You see, my parents will relocate later this month.

They will move on to a house wherein I only occupy the guest room. A house where the pantry
isn't packed with my favorite foods, where the cable isn't subscribed to the TV channels only I
watch, and where there is no need for a bookshelf housing books only I read. My shoes will no
longer crowd the tiny shoerack and my father can finally have the almirah all to his own. A
house that no longer smells of my favourite scented candle. A peaceful house devoid of the
sound of my mother nagging me every hour of the day. A house where my father can enjoy his
morning chai the way that he likes it and not the way he has to make it to suit my taste.
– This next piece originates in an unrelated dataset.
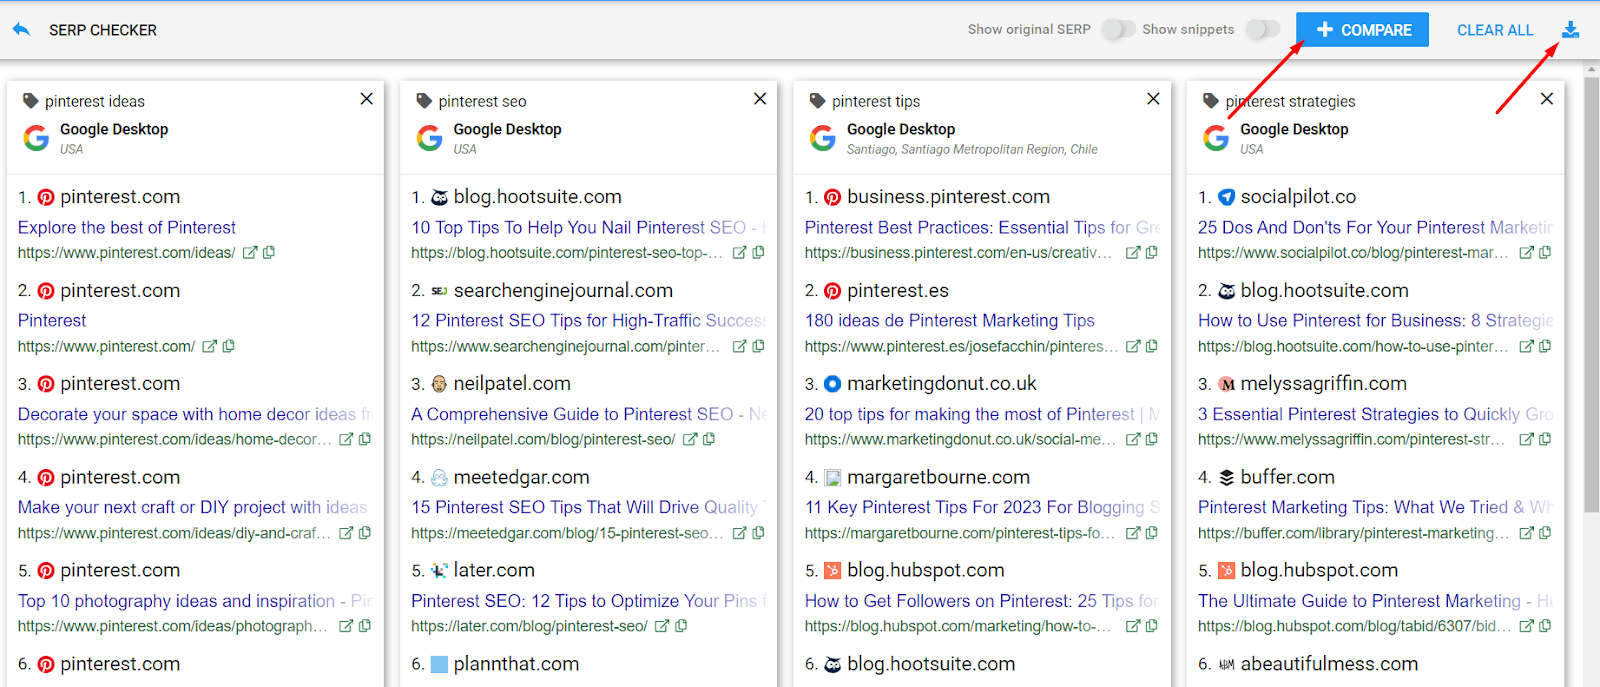 Serp snippets compare

A house
that would no longer be mine.

Their path has deviated from mine for the first time in nineteen years.

I can't help the bitterness creeping in at the idea of them wanting to leave behind the house I
grew up in, but I must accept that my mother's aging body can no longer dust my vacant room
every morning. I have made my cold hard bed in a city miles away and now I must lie in it.
Besides, how cruel it is of me to want my parents to never patch hole in their lives that I so
willingly left when I took that train to Pune.

It is far too late in the night to ruminate over emotions I should've already made peace with. I
need to wake up early tomorrow and catch the early train to bid my final adieu to the 100 square
meter house where I uttered my first "papa". The house of my childhood.